Versus – Freakwaves (CD-Review)

Versus

VERSUS – 2001 mit dem Ziel gegründet, aus eigenen Vorstellungen Musik zu schaffen – ist eine musikalisch vielfältig angesiedelte Band aus Monestirea (bei Dresden), deren Wurzeln unüberhörbar im elektronischen Bereich liegen. Dennoch ignorieren Versus jegliche Schubladen und erschaffen dadurch einen eigenen und zudem vielfältigen Sound. Dieser überzeugte bereits im Jahre 2004 beim europaweiten Bandcontest „Battle Of The Bands“ des Sonic Seducers, bei welchem Versus mit ihrem Song „Re:Start“den dritten Platz in der Jury-Wertung erreichten. Seit 2005 und dem ein oder anderen Umbruch innerhalb der Band war André allein für das Schreiben neuer Songs verantwortlich.

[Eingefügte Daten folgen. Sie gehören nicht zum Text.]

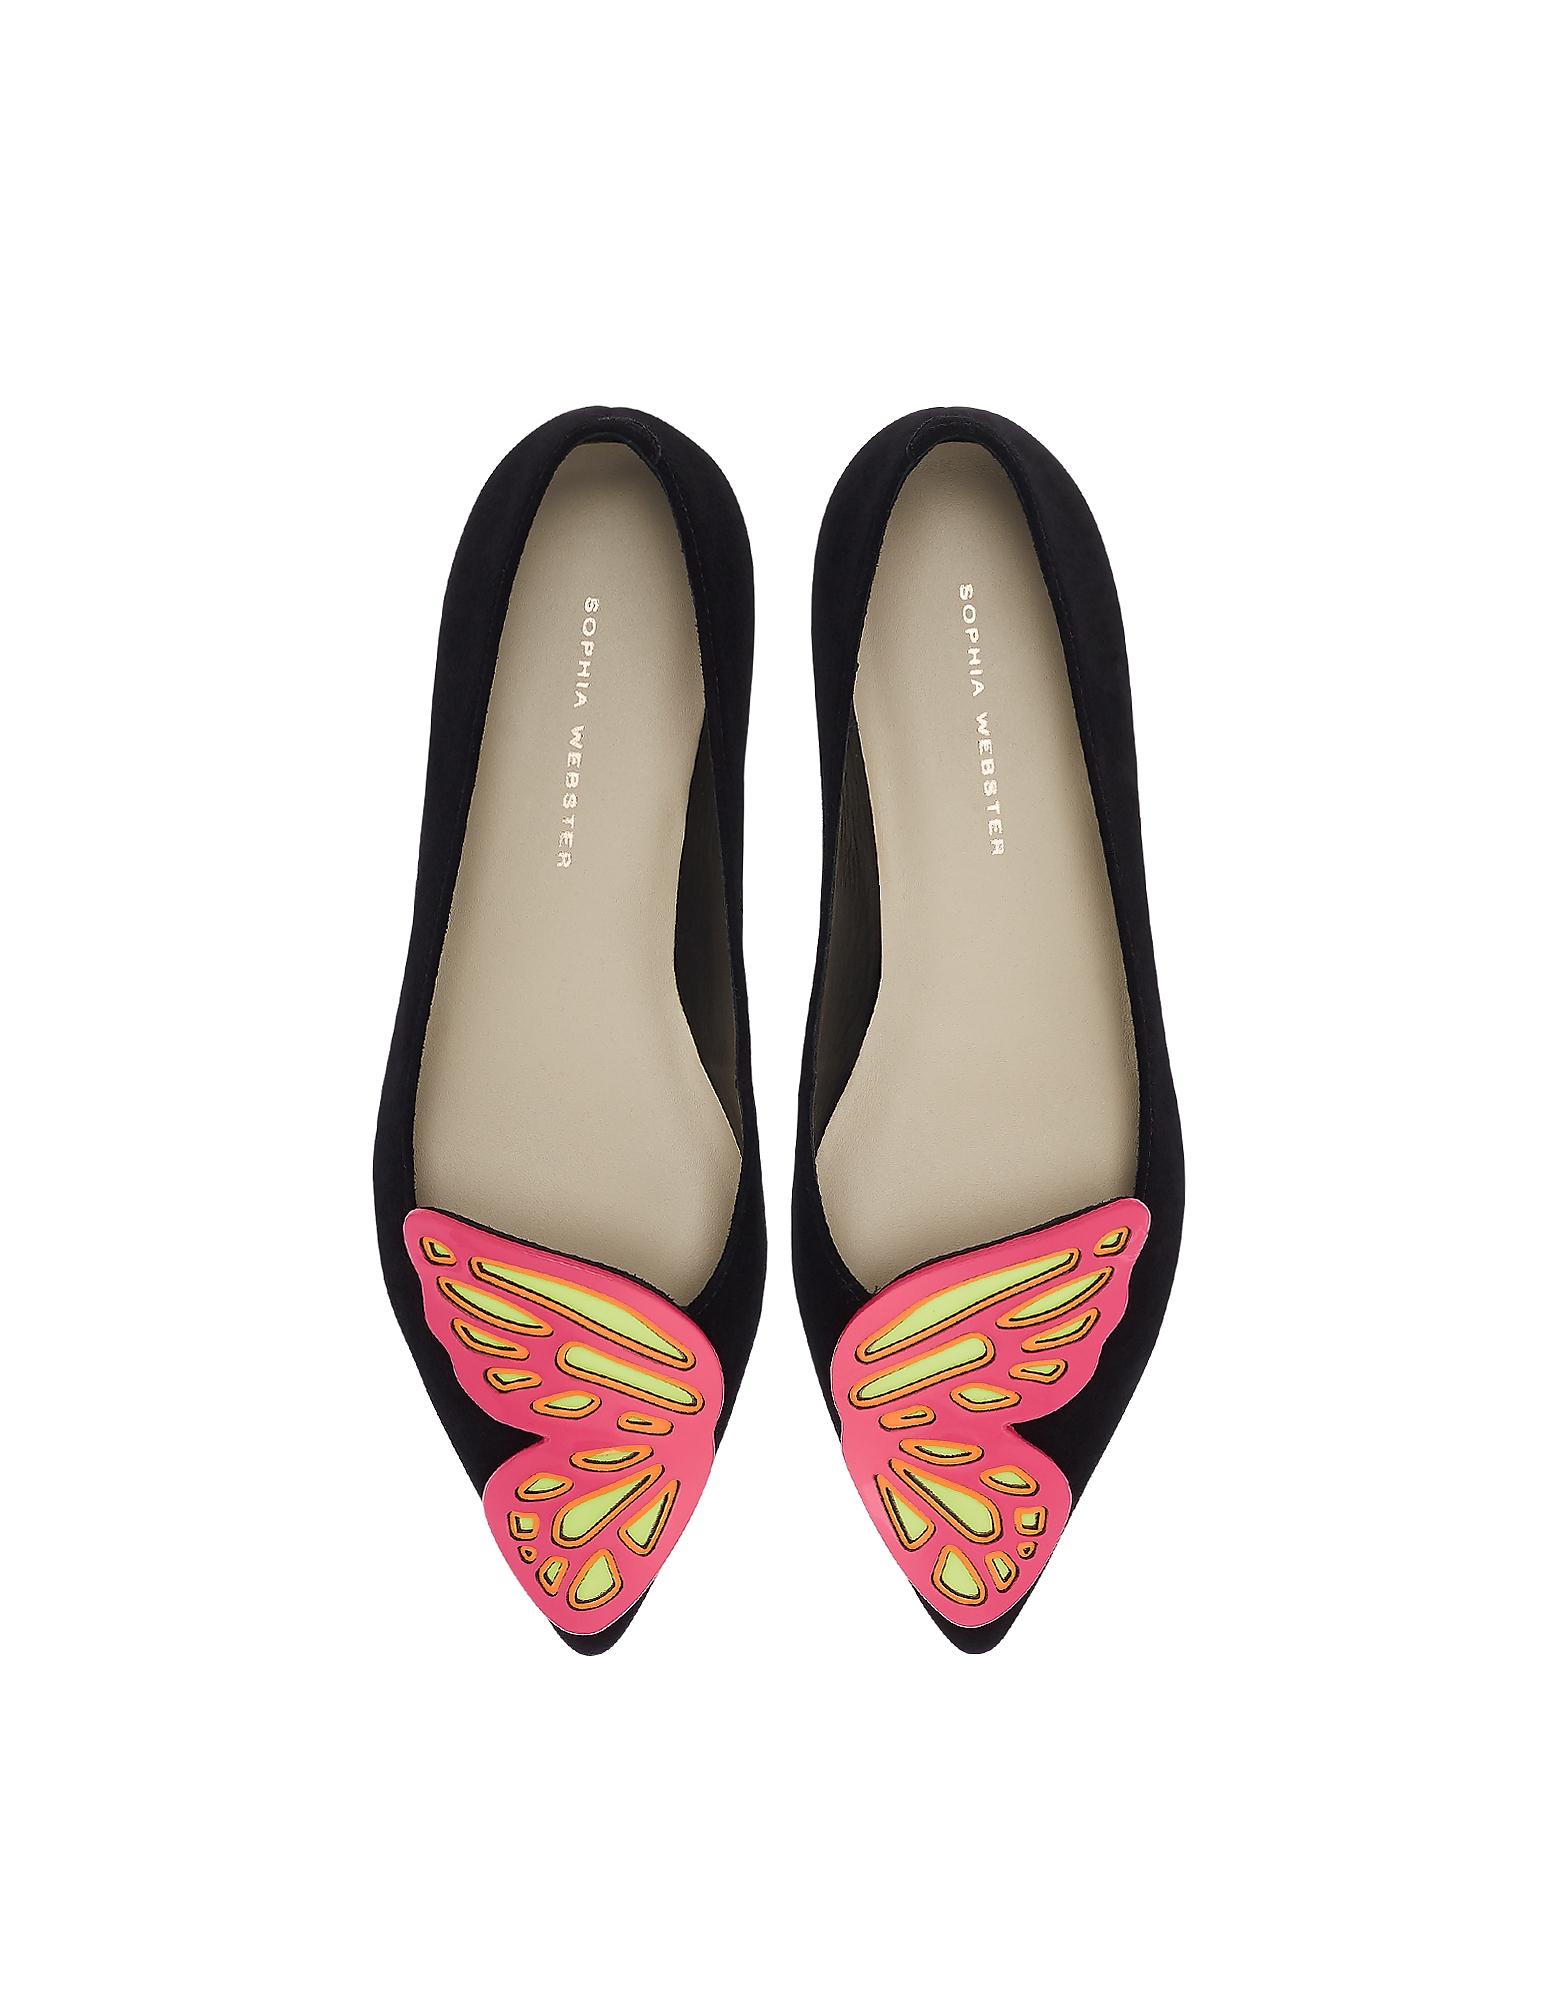 Sophia Webster Designer Shoes, Bibi Butterfly Flat Ballerinas

Der vermehrte Einsatz von Gitarren und experimentelleren Beats ist das Resultat dieser Situation. Ihr primäres Ziel – Musik zu schaffen, um für alle interessierten Menschen Gefühle zu kreieren – hat die Band dabei nie aus den Augen verloren. Erste offizielle Veröffentlichungen konnten Versus ab 2007 verbuchen. Neben Remixen für Days Of Fate, Heavy-Current oder Universal Poplab verbuchte die Band 2010 auch diverse Sampler-Beiträge (electropop 4, Dark Allure). Zwischen 2007 und 2009 arbeitete die Band derweil in Monestirea an ihrem zwar mittlerweile dritten, jedoch ersten, offiziell geplanten Album. Die Geduld der Band zeigte Früchte. Denn entstanden ist mit „Different Twilight Places“ ein 15 Tracks umfassendes Elektro-Pop-EBM-Konzept-Album, welches verschiedenste musikalische Facetten problemlos vereint und dem Hörer eine ganz besondere Reise verspricht. Am 01.10.2010 veröffentlichten VERSUS über Echozone / Bob-Media ihr erstes offizielles Album „Different Twilight Places“.  (Quelle: VERSUS Facebook).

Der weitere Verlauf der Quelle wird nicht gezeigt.